Rangers manager Ally McCoist and goal-hero Lee McCulloch

As 40,000 jubilant Rangers fans danced out of Ibrox on Wednesday and into the frosty Glasgow evening, the club's manager was deep in the bowels of the stadium telling the media that the latest title win should be celebrated just like any other from the past.

Having wrapped up the Scottish League One crown in record time with yet another emphatic win, Ally McCoist may well have had reason to be cheerful.

But when the trophy takes its place beside last year's silverware in a packed cabinet, its significance will be difficult to ignore.

History will view it as a marker, highlighting the completion of stage two in a three-stage process.

If the Glasgow club follow up their latest title win with another next season, they will find themselves back at the top of the Scottish game and back with the clubs who voted to consign them to the lower leagues after cataclysmic mismanagement led to administration and liquidation in 2012.

The closer Rangers get to that goal, however, the more questions will be asked about how prepared they are to meet the challenges that lie ahead.

Despite being offered numerous reasons not to show up, the supporters have remained loyal, with more than 38,000 owning season tickets.

That said, there have been grumblings about the standard of the football on show.

The current squad may have been good enough to skip through the lower leagues, but is it good enough to ensure Rangers keep on winning in both the Championship and Premiership?

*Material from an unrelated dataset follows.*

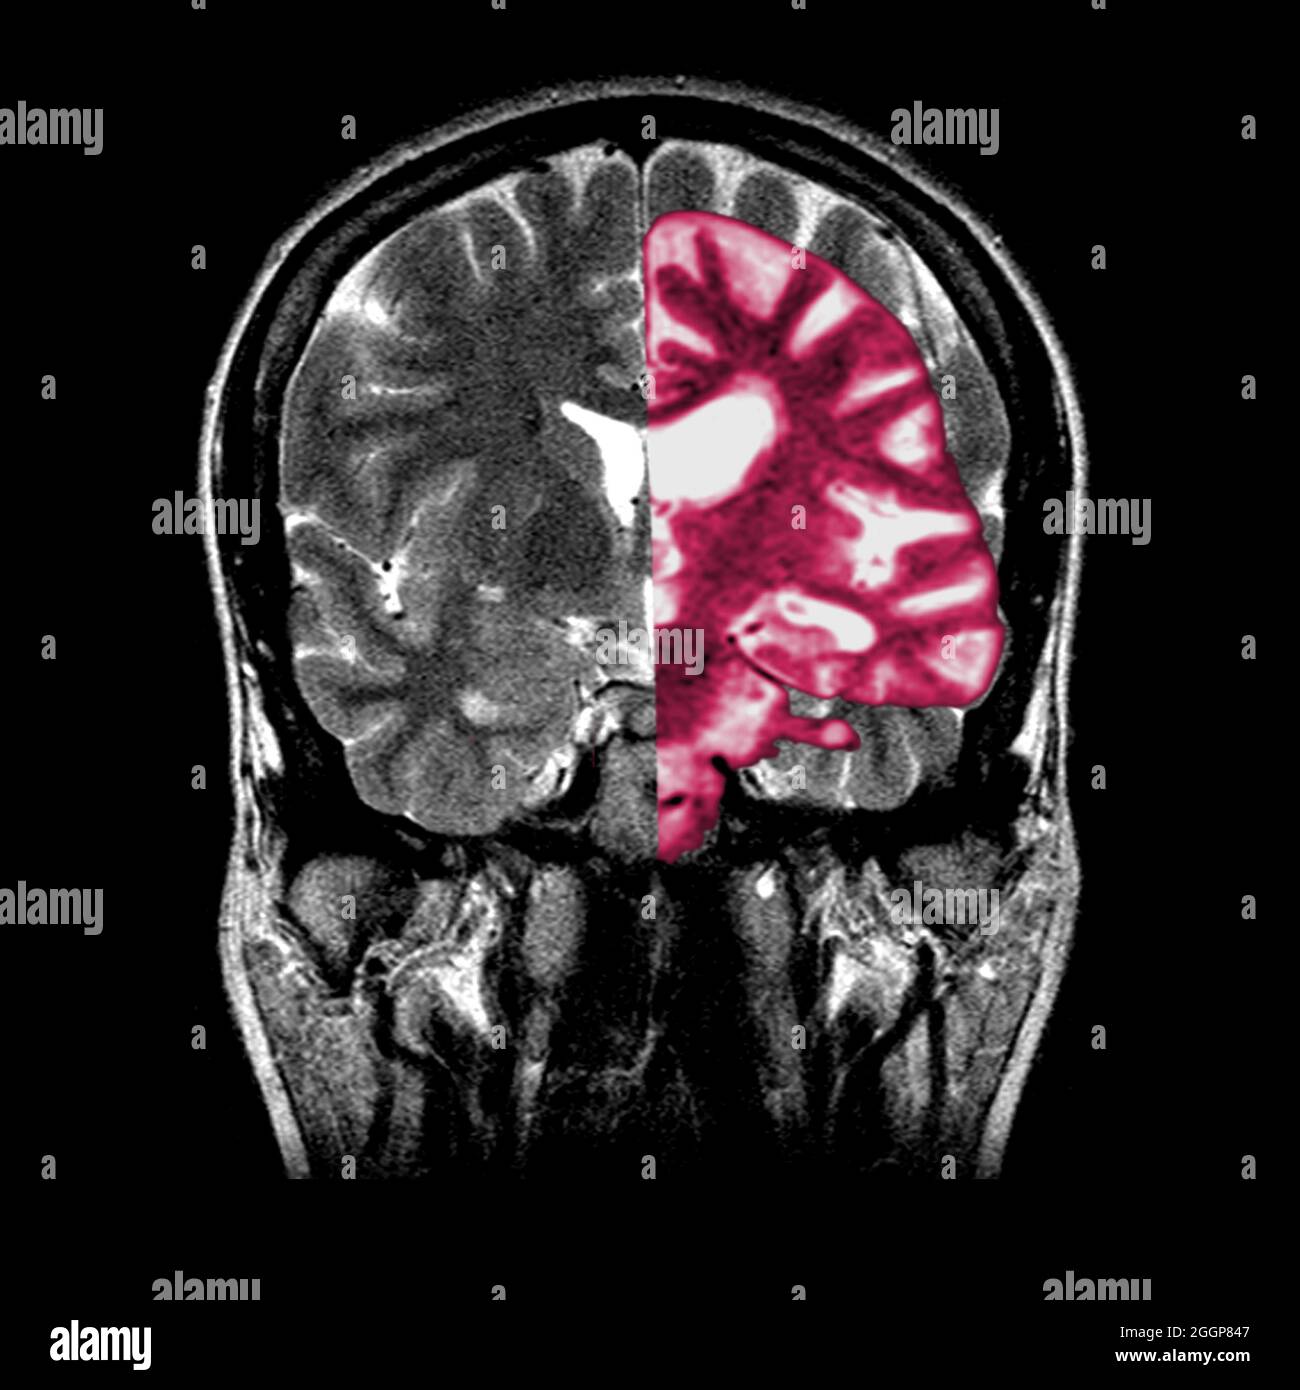 Ein zusammengesetztes Bild, das ein normales koronales (frontales) Querschnitt-MRT-Bild des Gehirns (in Graustufen) mit einem überlagerten koronalen MRT-Bild eines Gehirns mit fortgeschrittener Alzheimer-Erkrankung (in Pink) zeigt. Das erkrankte Gehirn zeigt eine schwere generalisierte Atrophie (Schrumpfung) des Hirngewebes mit einem akzentuierten Gewebeverlust, der die Temporallappen umfasst. Stockfoto

McCoist has already made noises about the need to strengthen.

Players such as Jon Daly and David Templeton, who made the switch from the top tier to be part of the club's rise back up the leagues, will help but the manager wants more.

That will cost money, though. And this is where it gets tricky.

The current wage bill for players has already been the subject of much controversy. Just how much has been spent is not clear but it is fair to say it dwarfs that of their rivals.

And the fact remains that the club, which has stumbled from one financial disaster to the next over the past few years, is still struggling to balance the books or offer any certainty to investors, sponsors or fans.

So what has gone wrong?

The 2012 administration allowed the debt slate to be wiped clean but what followed was a bitter fight for control and accusations of more mismanagement.

A share issue raised £22m just over a year ago but the club announced recently that nothing is left in the pot - although it has denied suggestions that it is on course for administration yet again.

Still, the recent need for emergency loans from major investors has done little to settle the nerves in the stands or in the City, where the share price has plummeted.

Now former club director Dave King wants fans to avoid giving any more cash to the current regime and instead has asked them to put money they have set aside for season tickets into a separate account from which cash can be distributed in instalments when needed.

Why? Because he does not think the current board can be trusted to spend the money properly.

It seems a vocal band of supporters agree with that view and want King to spearhead a new takeover.

If he does, he would be the latest in a long list of recent claimants to the Ibrox throne.

After Sir David Murray sold the club to Craig Whyte for £1 in 2011, administration and liquidation followed soon after.

A group of investors led by former Sheffield United chief executive Charles Green then bought the assets and attempted to rebuild the club from the bottom of the Scottish leagues.

But power struggles, mystery and Cluedo-style intrigue soon followed.

Green walked away after allegations he had links to Whyte, while Whyte claimed he was the rightful owner and had been duped by Green.

As fans screamed out for clarification and stability, the boardroom battles continued as shares were traded between faceless City institutions vying for a larger slice of the pie but not outright control.

Today, the largest shareholder is Global investment firm Laxey Partners, which has acquired almost 13% of the club.

So what happens next?

On the field, few would bet against Rangers battling their way through the Scottish Championship and reaching the top tier again.

Off the field, yet another battle is looming and only a fool would predict the outcome of that.